- **Activity**:
Using the records below, quote only the span that opens with the line containing "2007 hyundai elantra" and closes with the line containing "Charte qualité - Engagement RESIMARMO", exactly and inclusively.

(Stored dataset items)
=-=-=-=-=

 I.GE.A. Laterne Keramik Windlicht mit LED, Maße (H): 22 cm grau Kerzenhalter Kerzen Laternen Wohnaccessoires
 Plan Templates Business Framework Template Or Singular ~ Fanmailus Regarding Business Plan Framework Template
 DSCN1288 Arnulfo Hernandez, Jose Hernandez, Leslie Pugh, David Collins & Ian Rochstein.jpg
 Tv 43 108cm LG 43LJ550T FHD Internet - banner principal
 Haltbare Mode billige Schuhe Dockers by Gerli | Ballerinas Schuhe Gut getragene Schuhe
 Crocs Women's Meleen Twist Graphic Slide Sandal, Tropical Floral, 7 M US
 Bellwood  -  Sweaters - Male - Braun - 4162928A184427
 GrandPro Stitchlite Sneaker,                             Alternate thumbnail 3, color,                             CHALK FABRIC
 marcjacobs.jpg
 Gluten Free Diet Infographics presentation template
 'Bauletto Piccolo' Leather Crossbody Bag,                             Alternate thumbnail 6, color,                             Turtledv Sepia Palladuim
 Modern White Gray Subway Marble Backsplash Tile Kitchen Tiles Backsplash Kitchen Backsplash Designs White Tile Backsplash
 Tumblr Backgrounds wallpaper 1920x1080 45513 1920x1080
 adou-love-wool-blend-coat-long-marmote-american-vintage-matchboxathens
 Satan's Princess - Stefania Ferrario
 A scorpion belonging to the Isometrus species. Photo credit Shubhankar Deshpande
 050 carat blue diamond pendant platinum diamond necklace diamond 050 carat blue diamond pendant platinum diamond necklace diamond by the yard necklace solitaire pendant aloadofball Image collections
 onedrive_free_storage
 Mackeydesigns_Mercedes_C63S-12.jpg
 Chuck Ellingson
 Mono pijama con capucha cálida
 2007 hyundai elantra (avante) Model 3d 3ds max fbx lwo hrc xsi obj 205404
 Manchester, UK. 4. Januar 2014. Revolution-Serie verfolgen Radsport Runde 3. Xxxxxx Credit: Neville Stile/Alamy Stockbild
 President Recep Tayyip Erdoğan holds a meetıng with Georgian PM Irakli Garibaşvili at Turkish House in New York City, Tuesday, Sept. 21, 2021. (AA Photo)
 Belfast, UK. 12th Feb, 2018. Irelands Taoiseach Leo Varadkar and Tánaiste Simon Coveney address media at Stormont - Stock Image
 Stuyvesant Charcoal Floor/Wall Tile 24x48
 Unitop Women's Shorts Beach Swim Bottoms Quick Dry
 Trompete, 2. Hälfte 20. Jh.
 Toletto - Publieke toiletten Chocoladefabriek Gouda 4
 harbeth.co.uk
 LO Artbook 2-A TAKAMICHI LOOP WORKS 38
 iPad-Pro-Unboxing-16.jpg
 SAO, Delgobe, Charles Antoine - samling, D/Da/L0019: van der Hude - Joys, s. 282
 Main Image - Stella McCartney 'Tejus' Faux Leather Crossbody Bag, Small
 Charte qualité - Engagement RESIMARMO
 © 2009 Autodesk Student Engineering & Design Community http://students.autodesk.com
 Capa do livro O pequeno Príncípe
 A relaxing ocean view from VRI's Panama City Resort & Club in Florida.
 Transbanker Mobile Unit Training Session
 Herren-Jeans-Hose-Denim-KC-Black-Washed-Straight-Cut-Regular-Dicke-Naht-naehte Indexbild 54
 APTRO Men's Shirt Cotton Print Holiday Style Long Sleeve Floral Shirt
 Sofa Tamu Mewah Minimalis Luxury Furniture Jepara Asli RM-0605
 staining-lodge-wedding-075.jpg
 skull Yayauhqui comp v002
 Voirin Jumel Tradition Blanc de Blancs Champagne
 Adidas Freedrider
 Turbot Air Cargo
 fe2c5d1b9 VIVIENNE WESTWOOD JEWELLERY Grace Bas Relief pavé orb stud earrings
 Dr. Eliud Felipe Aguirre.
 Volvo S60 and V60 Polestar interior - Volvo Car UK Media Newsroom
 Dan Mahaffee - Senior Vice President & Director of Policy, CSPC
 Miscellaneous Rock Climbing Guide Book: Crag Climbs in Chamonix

=-=-=-=-=

- **Answer to the exercise**:
 2007 hyundai elantra (avante) Model 3d 3ds max fbx lwo hrc xsi obj 205404
 Manchester, UK. 4. Januar 2014. Revolution-Serie verfolgen Radsport Runde 3. Xxxxxx Credit: Neville Stile/Alamy Stockbild
 President Recep Tayyip Erdoğan holds a meetıng with Georgian PM Irakli Garibaşvili at Turkish House in New York City, Tuesday, Sept. 21, 2021. (AA Photo)
 Belfast, UK. 12th Feb, 2018. Irelands Taoiseach Leo Varadkar and Tánaiste Simon Coveney address media at Stormont - Stock Image
 Stuyvesant Charcoal Floor/Wall Tile 24x48
 Unitop Women's Shorts Beach Swim Bottoms Quick Dry
 Trompete, 2. Hälfte 20. Jh.
 Toletto - Publieke toiletten Chocoladefabriek Gouda 4
 harbeth.co.uk
 LO Artbook 2-A TAKAMICHI LOOP WORKS 38
 iPad-Pro-Unboxing-16.jpg
 SAO, Delgobe, Charles Antoine - samling, D/Da/L0019: van der Hude - Joys, s. 282
 Main Image - Stella McCartney 'Tejus' Faux Leather Crossbody Bag, Small
 Charte qualité - Engagement RESIMARMO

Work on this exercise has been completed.